Required work — Drop the pictures from the entries below, then reproduce the rest exactly.

Provided records —
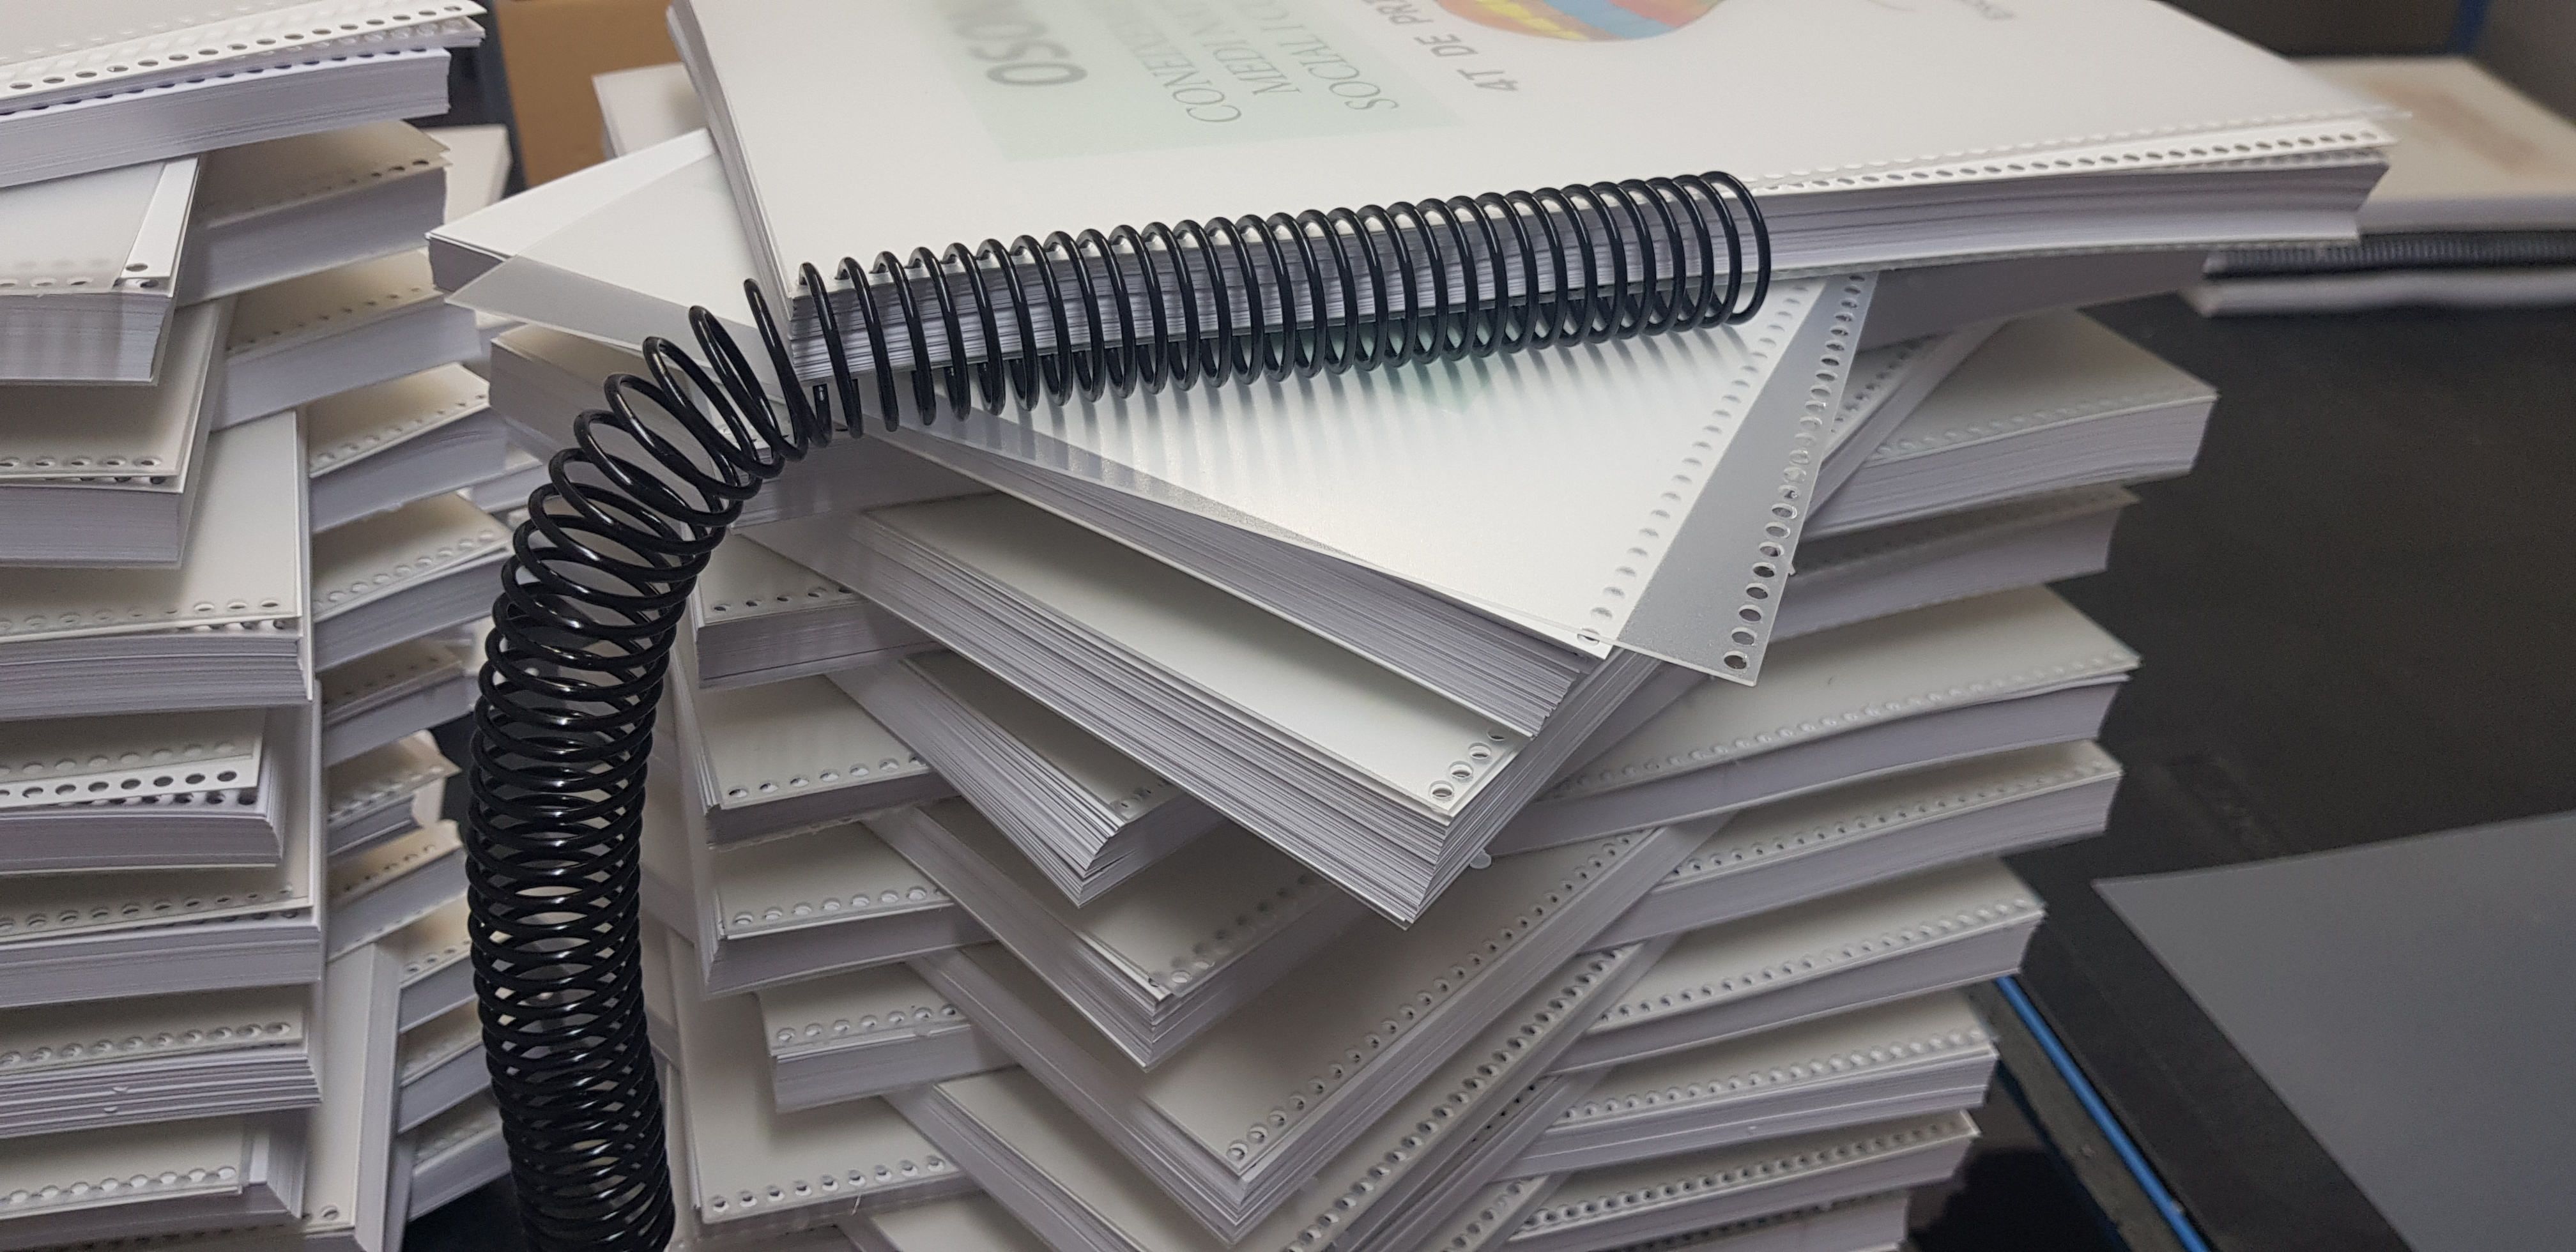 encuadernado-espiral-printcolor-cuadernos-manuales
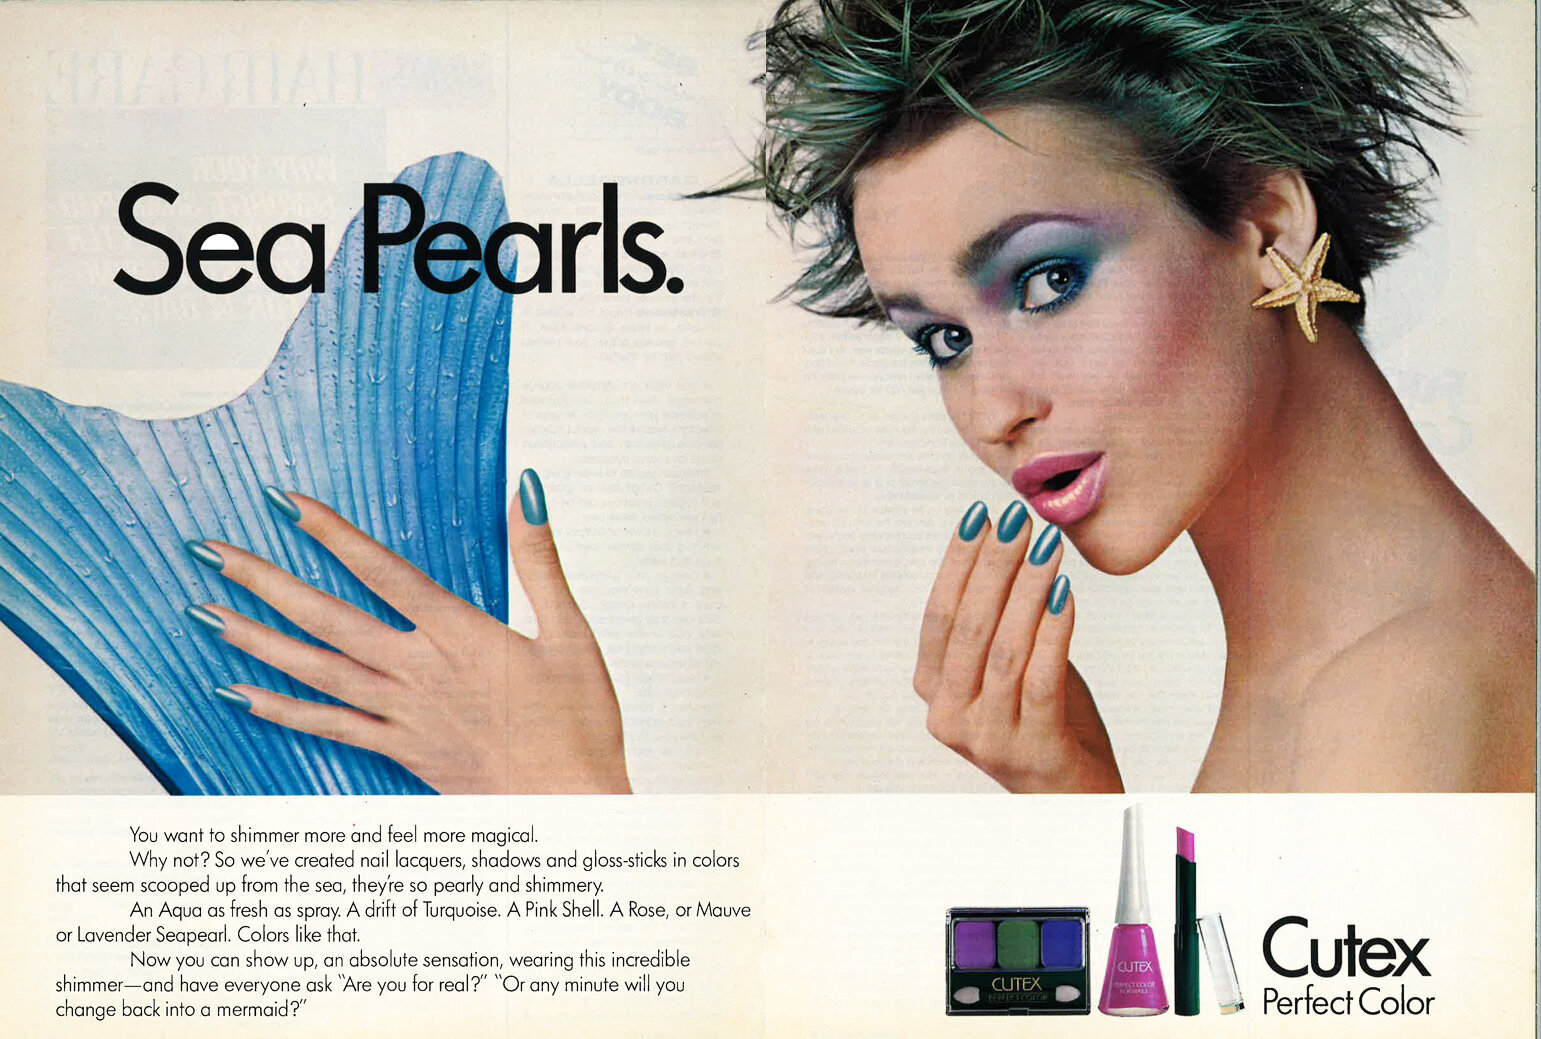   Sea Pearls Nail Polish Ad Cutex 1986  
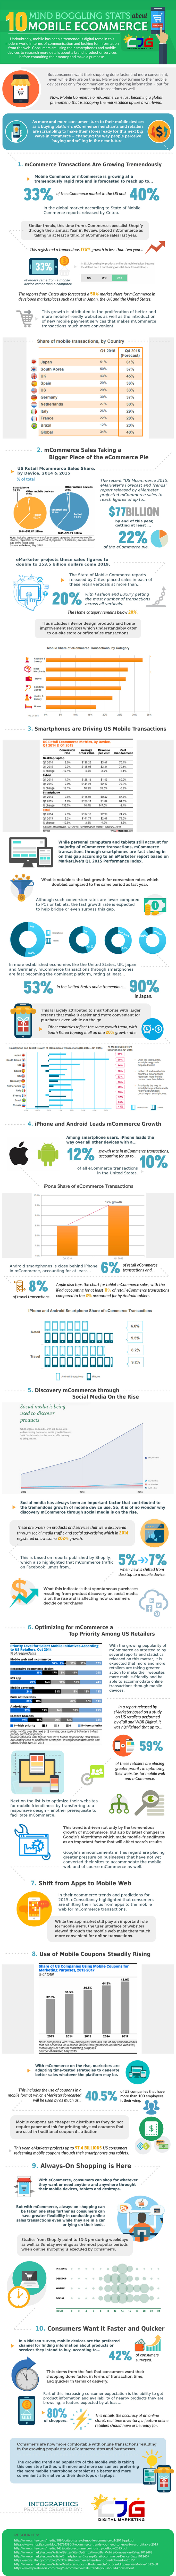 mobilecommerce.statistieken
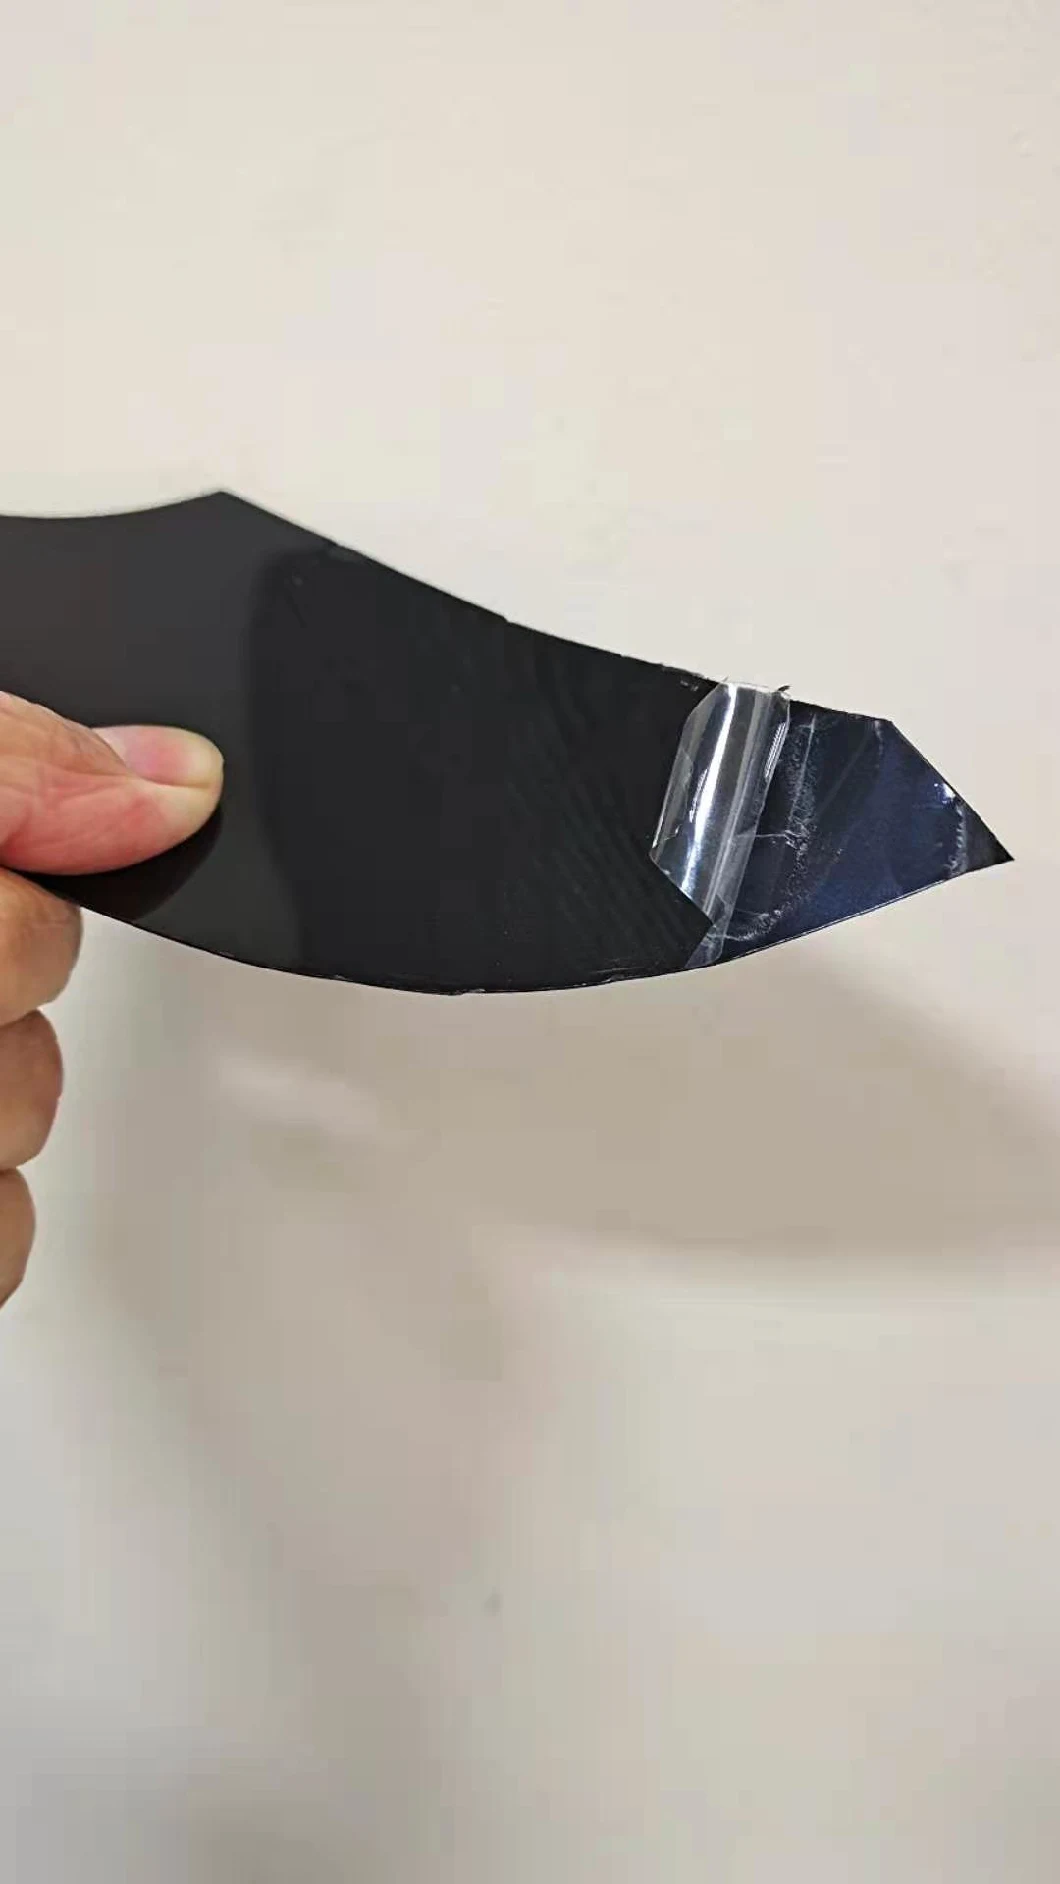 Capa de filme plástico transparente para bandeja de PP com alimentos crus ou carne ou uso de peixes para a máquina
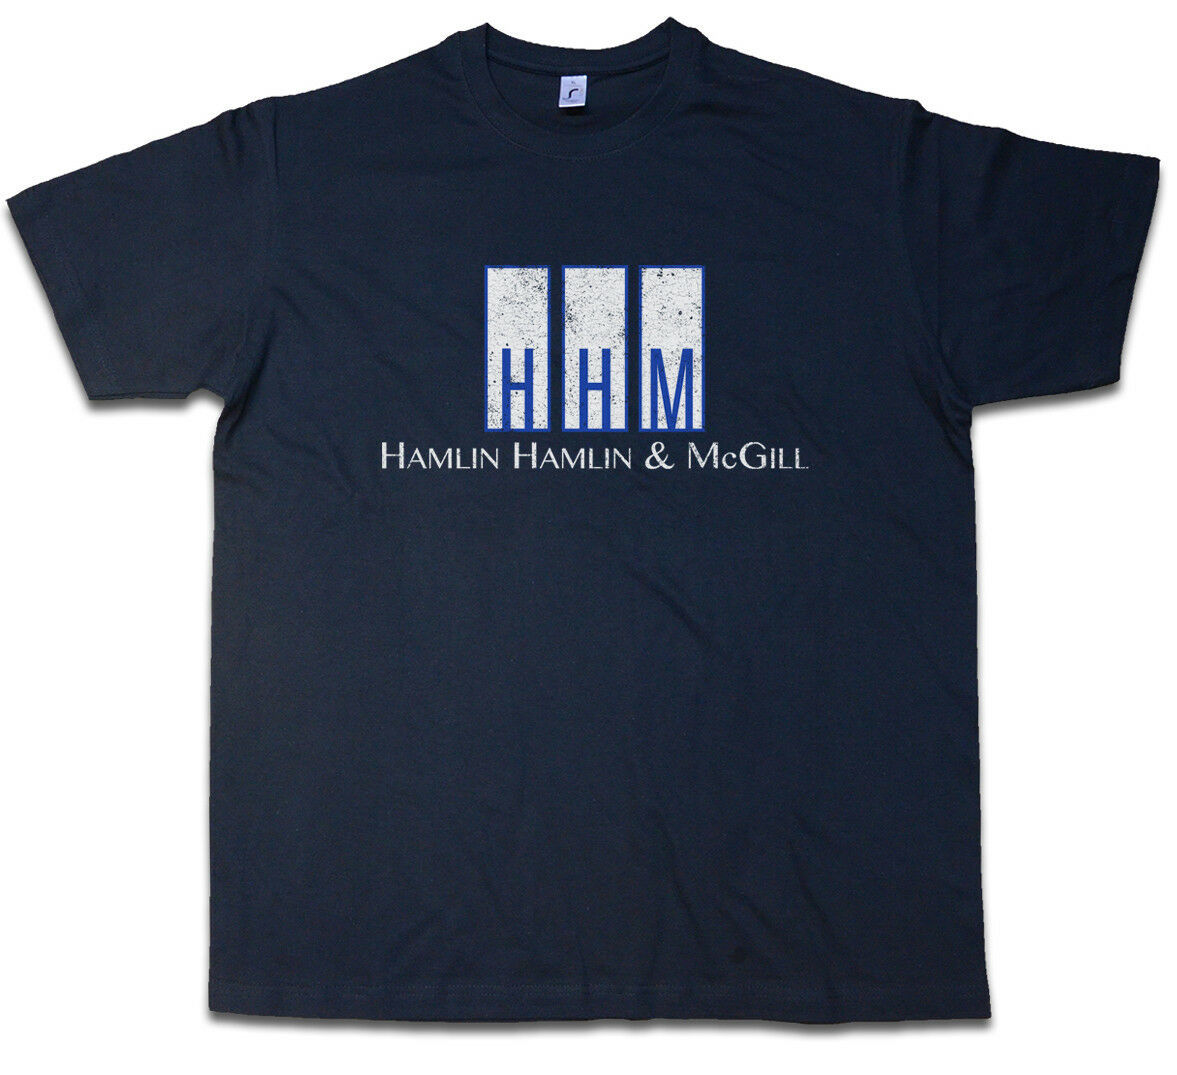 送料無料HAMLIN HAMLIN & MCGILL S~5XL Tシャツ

Answer to this exercise —
 encuadernado-espiral-printcolor-cuadernos-manuales
   Sea Pearls Nail Polish Ad Cutex 1986  
 mobilecommerce.statistieken
 Capa de filme plástico transparente para bandeja de PP com alimentos crus ou carne ou uso de peixes para a máquina
 送料無料HAMLIN HAMLIN & MCGILL S~5XL Tシャツ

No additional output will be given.